The price to be paid for franchise security is a loss of flexibility. Independent restaurant owners are able to plan their own menus, avoid paying a royalty, and create and run their businesses as they see fit, whereas franchisees are restricted by the normally rigid and formulaic terms of the franchise agreement.

Though many of the best known fast food and casual dining chains are franchised, including McDonald's, Wendy's Old Fashioned Hamburgers, Burger King, and Pizza Hut, many other successful chains are not. Sales for the largest of the nonfranchised chains, the Red Lobster and Olive Garden casual dining houses, both owned by Darden Restaurants, was nearly $3 billion in 1995. Of course, even in the case of the heavily franchised chains, such as McDonald's and Wendy's, the parent company owns a considerable share of the outlets.

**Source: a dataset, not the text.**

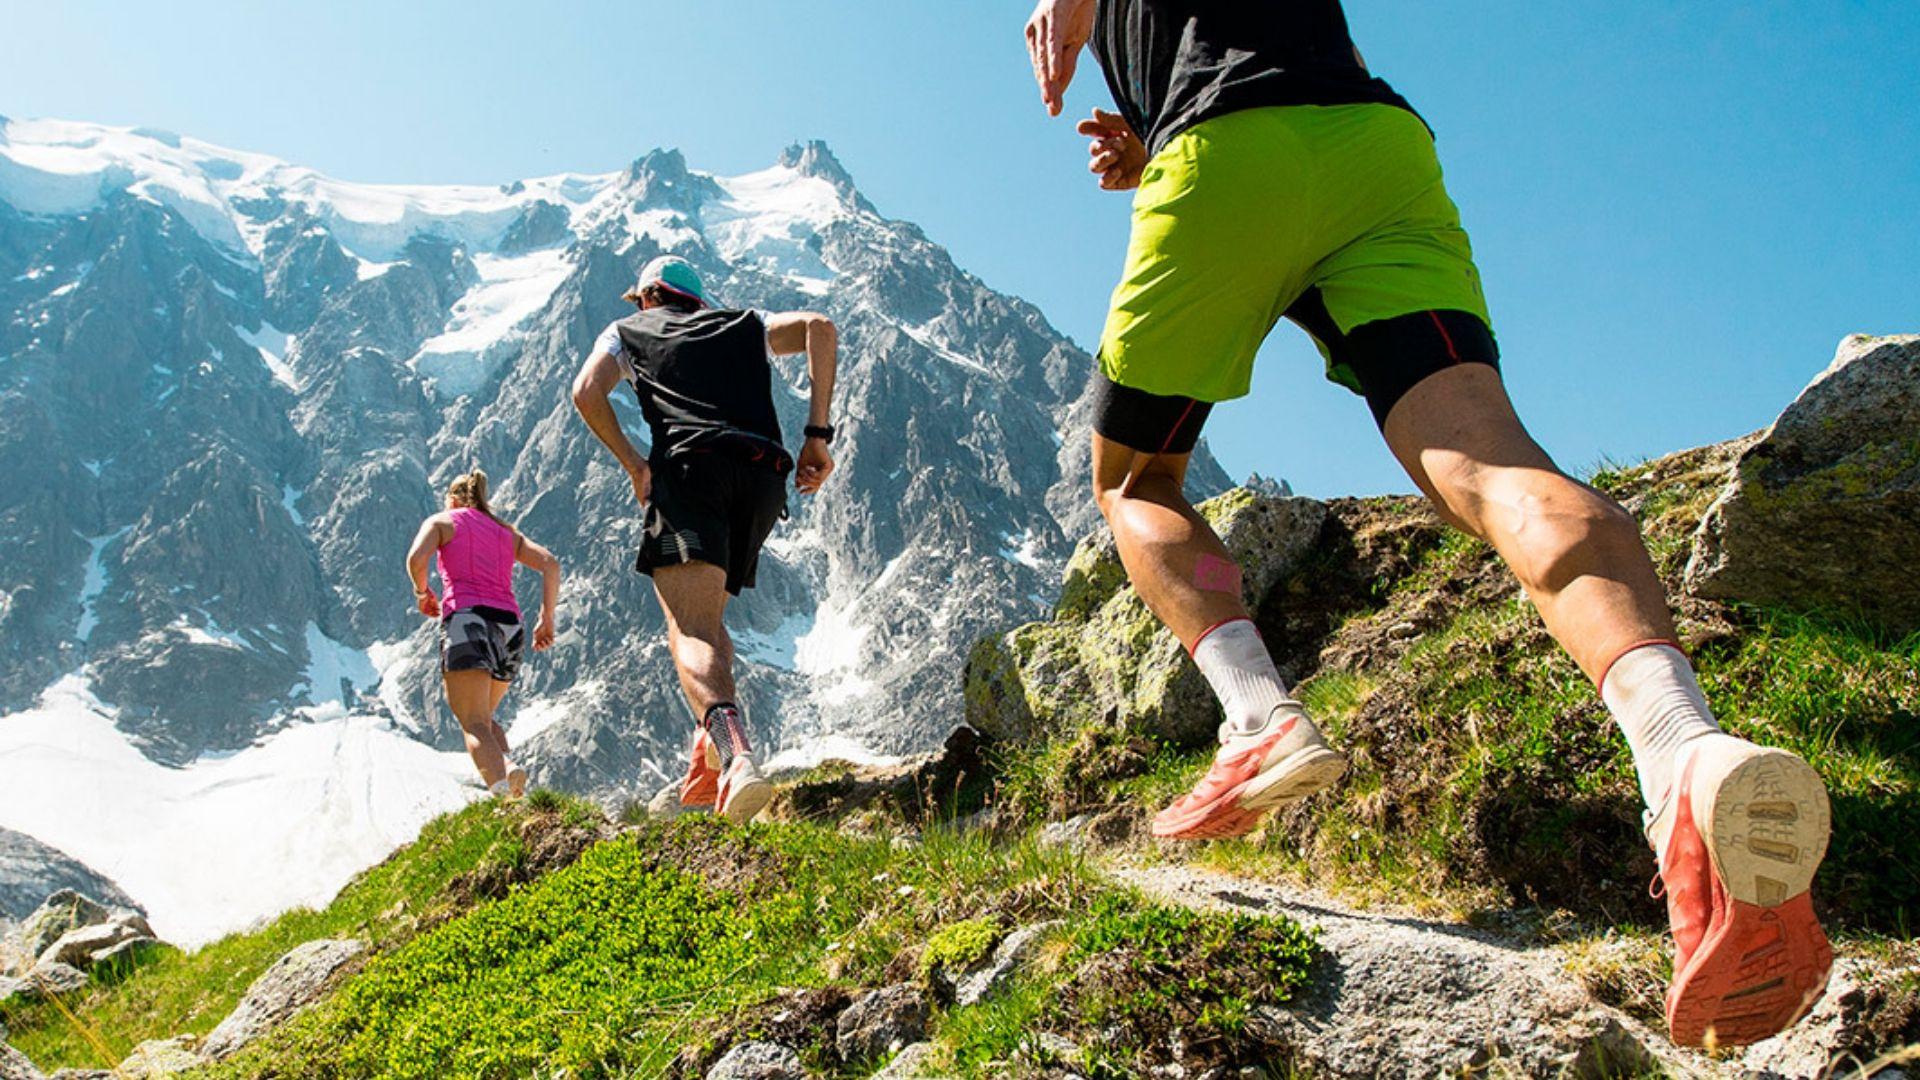 trip to trail run|trail running travel planner app
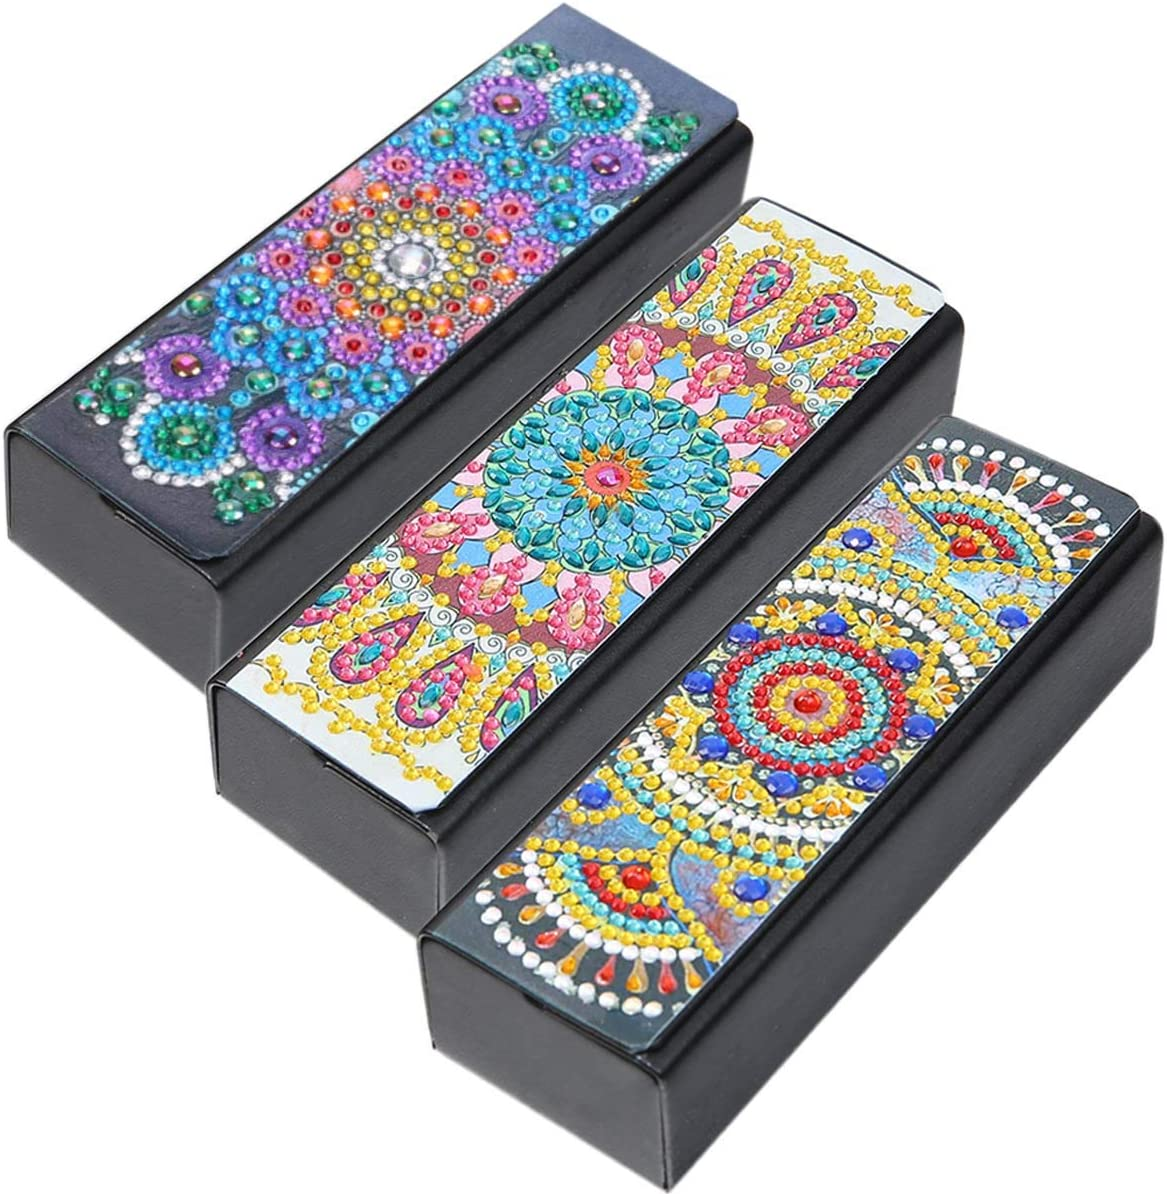 DIY Glasses Case Storage Box 5D Diamond Painting Mandala Alloyseed Leather Sunglasses Organizer for Festival Birthday Gift Handwork 3Pack

The exit of packaged food companies from the restaurant business, a trend that reached its peak by early 1997, created more room for franchisers. After Hershey, Sara Lee, and Ralston Purina had jettisoned their restaurant operations, General Foods did the same in May 1995 when it spun off its Red Lobster, Olive Garden, and China Coast (which later closed) restaurant chains to form a new public company, Darden Restaurants. Similarly, in early 1997, Pepsi Co announced that it would spin off its restaurants division, which included Pizza Hut, KFC, and Taco Bell, into a publicly traded company. With Pepsi Co's exit, no U.S. packaged food company had a significant presence in the restaurant industry.